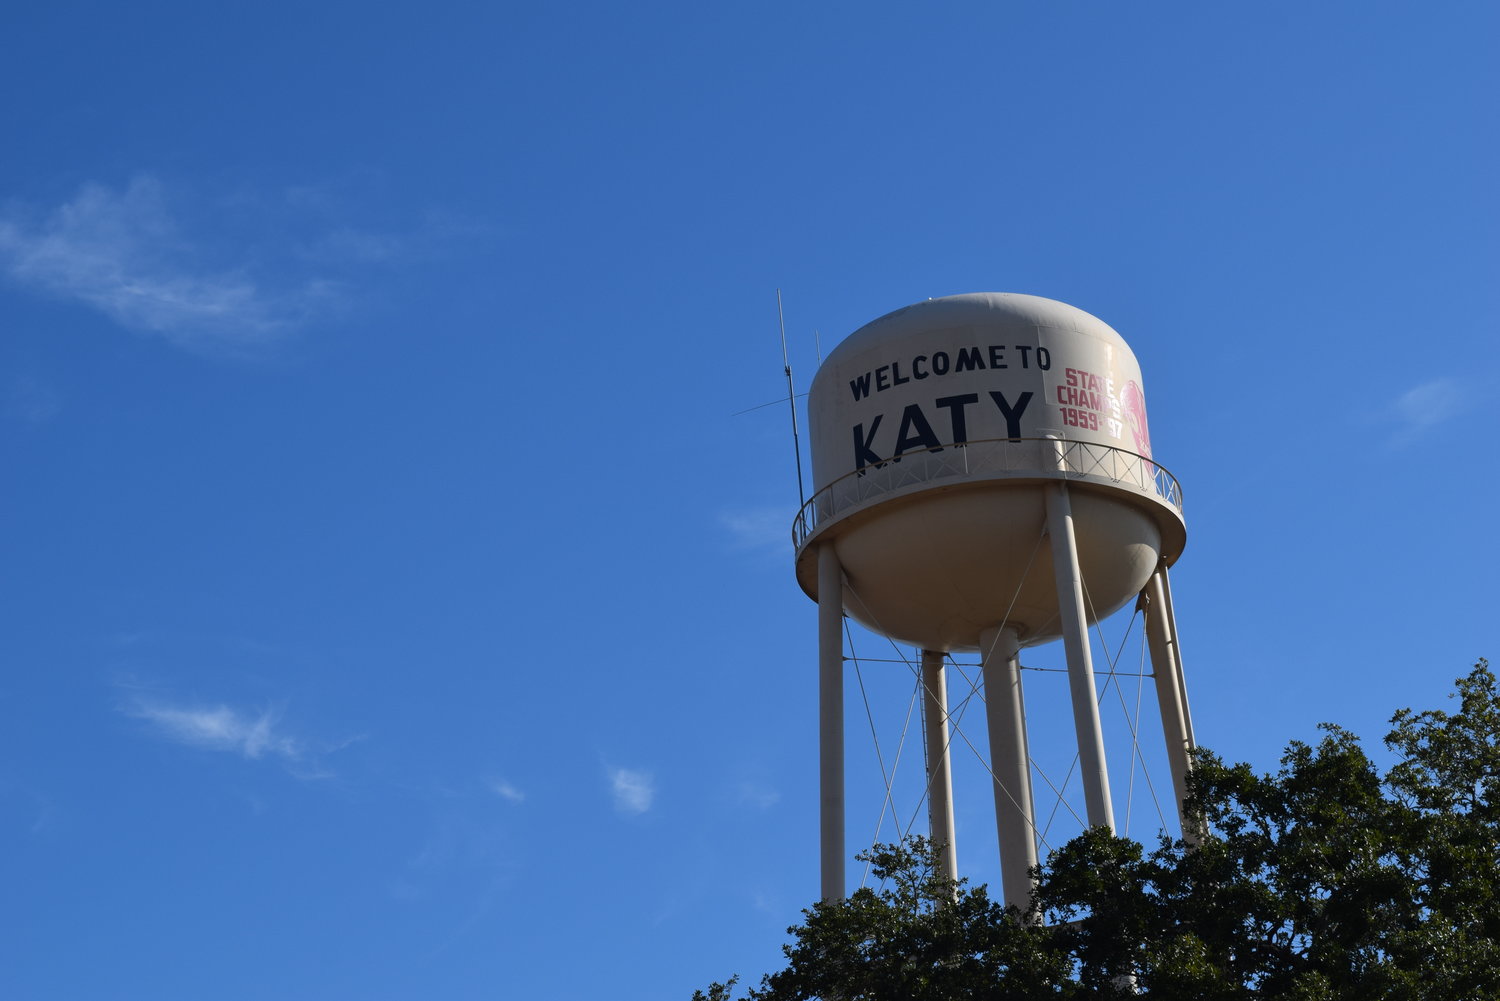 Two new water tanks are coming to Katy. An elevated tank that will sport the city's recognizable goose mural and a ground-based tank that will hold one million gallons of water.
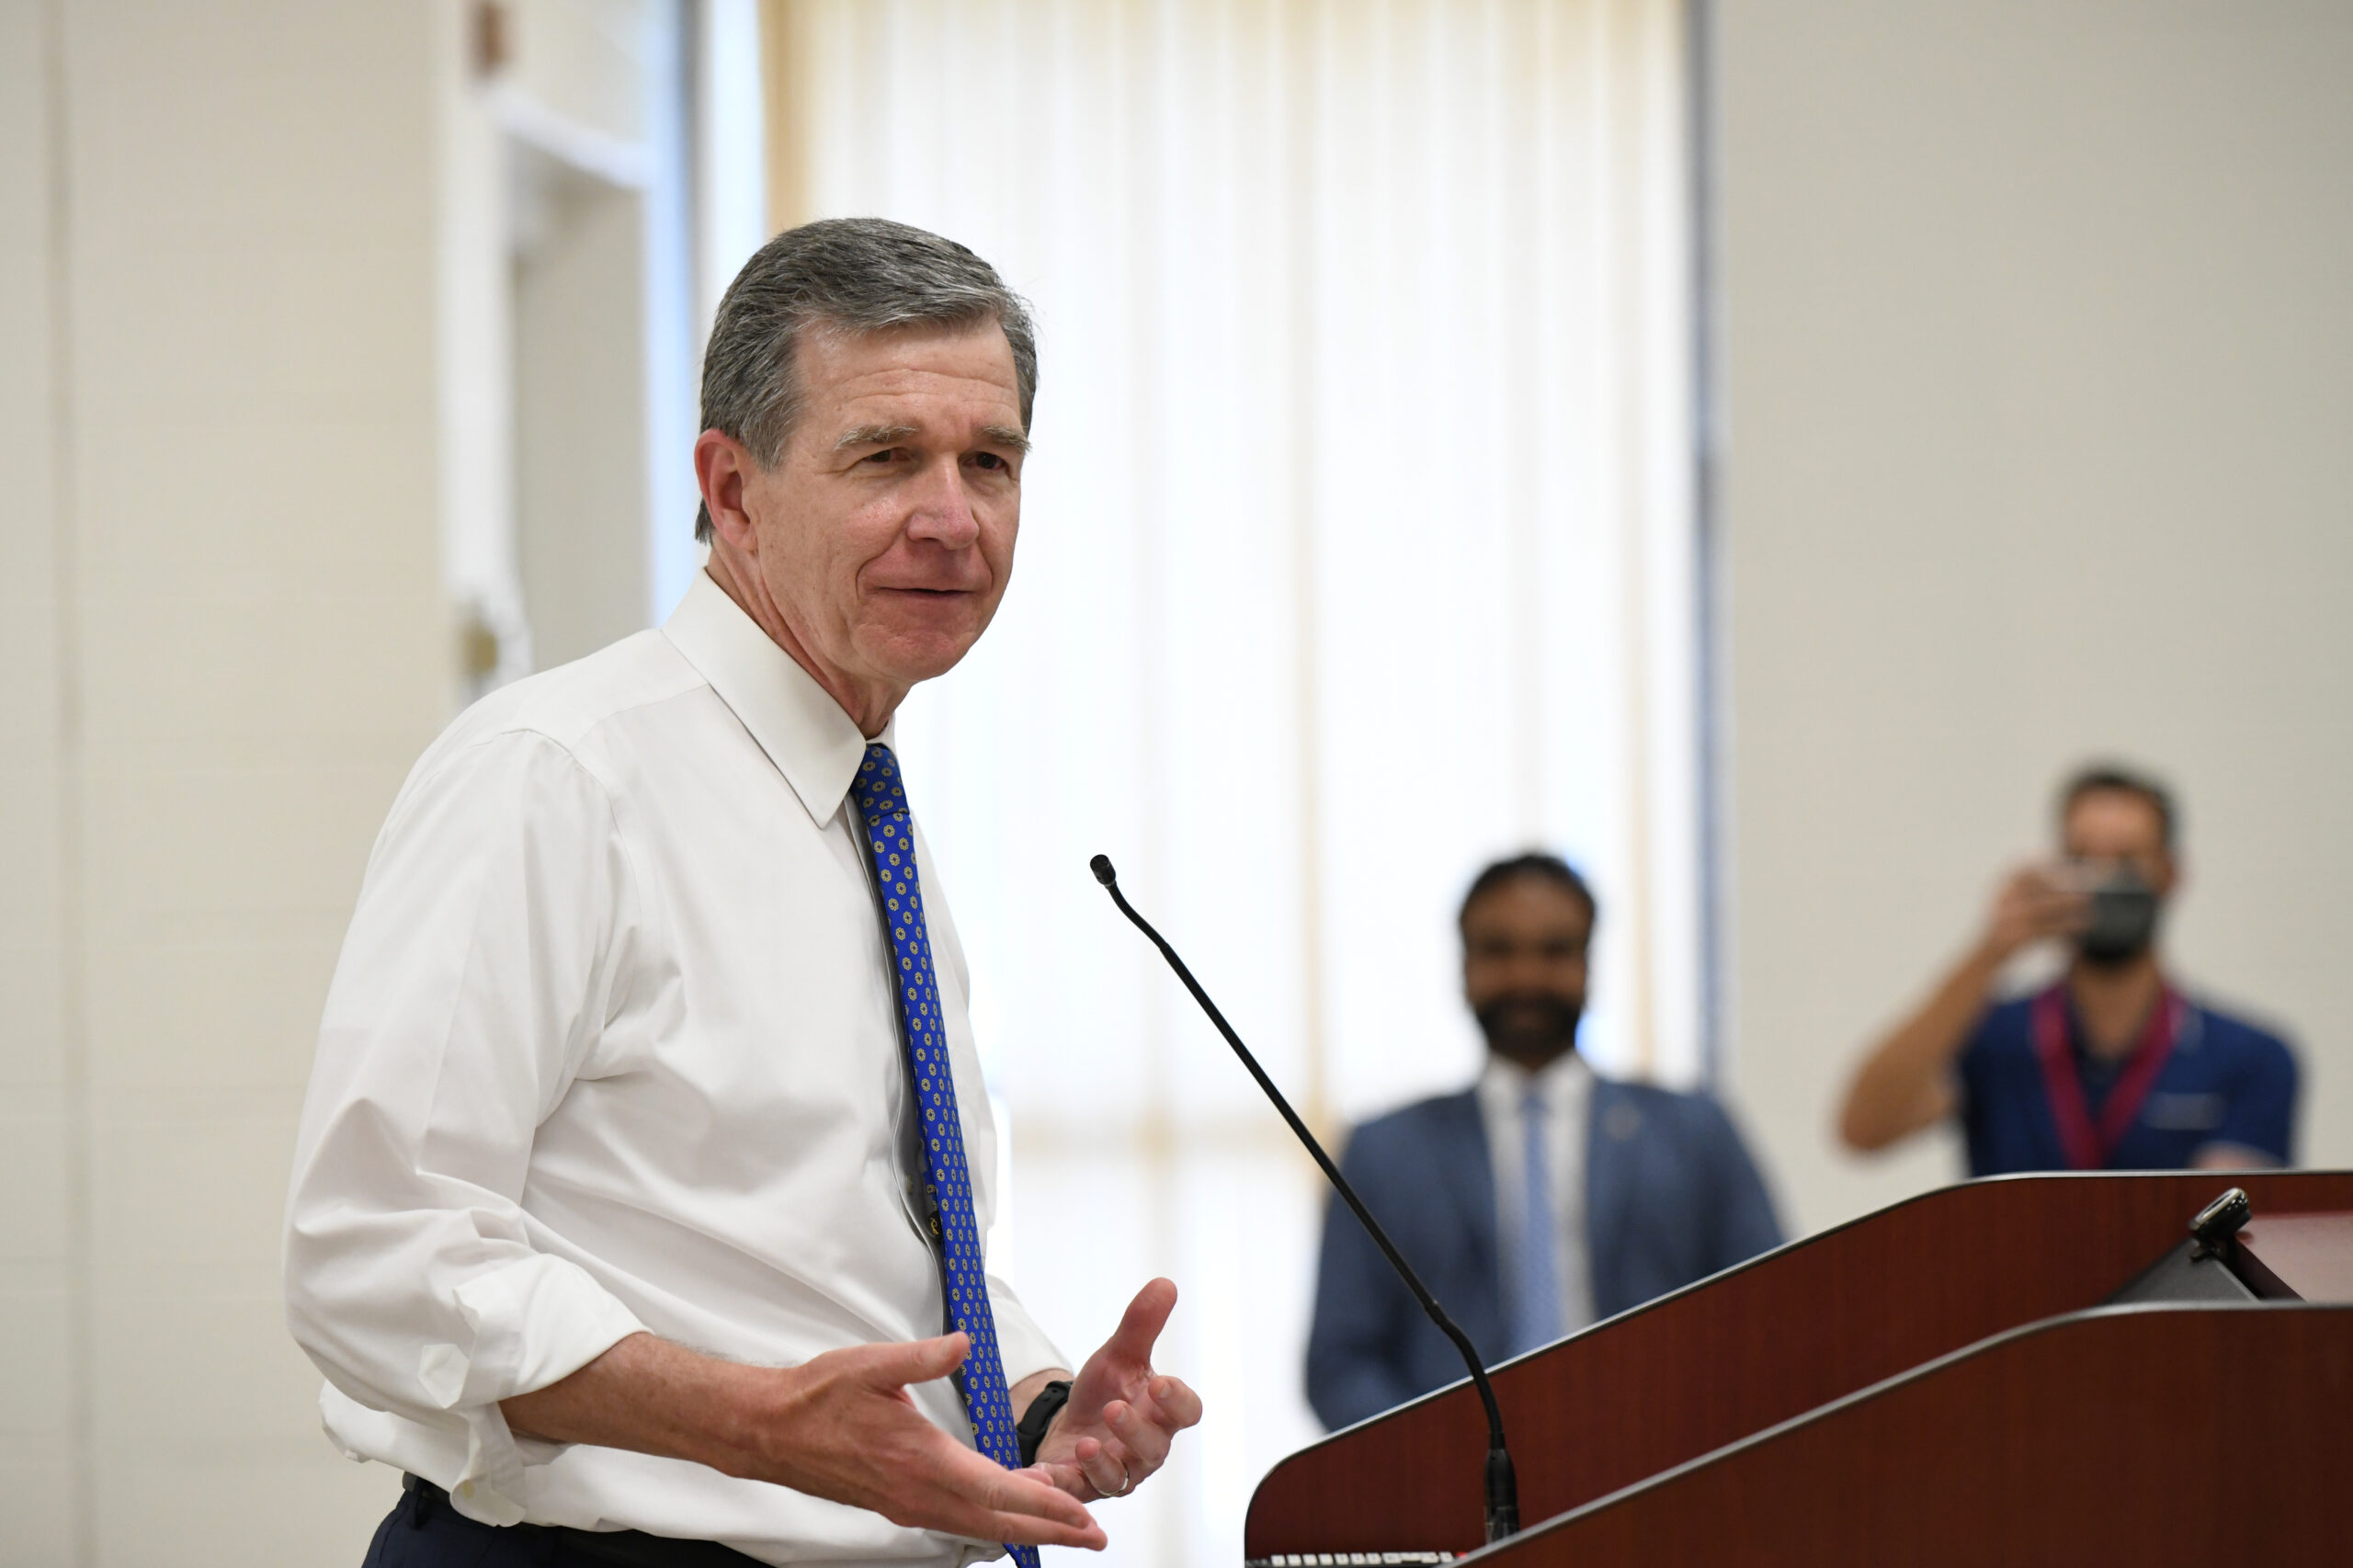 Governor Roy Cooper is shown speaking at a podium. Two people are in the background listening. One person is taking a photo.
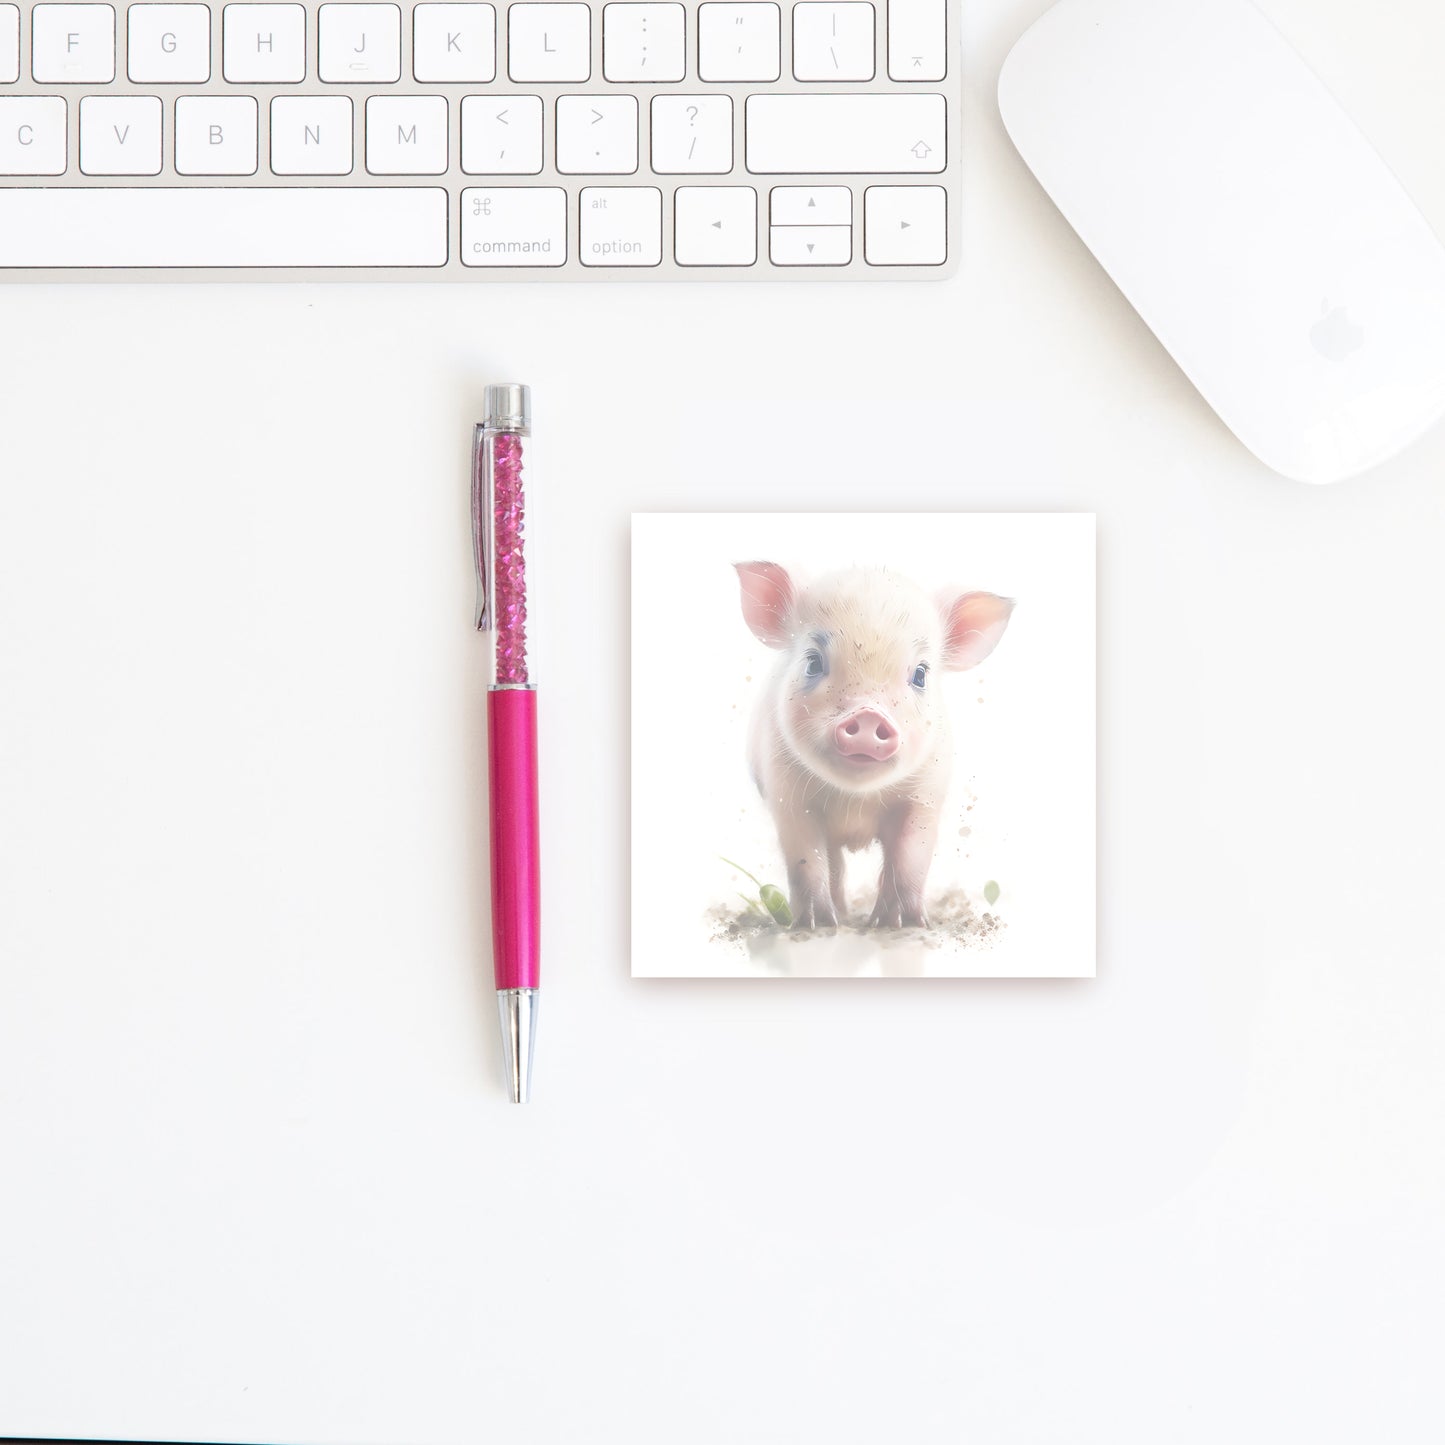 STICKY NOTE PAD - CUTE PINK PIG

···

Retype the data above as given, letting no picture into the copy.

 Two new water tanks are coming to Katy. An elevated tank that will sport the city's recognizable goose mural and a ground-based tank that will hold one million gallons of water.
 Governor Roy Cooper is shown speaking at a podium. Two people are in the background listening. One person is taking a photo.
 STICKY NOTE PAD - CUTE PINK PIG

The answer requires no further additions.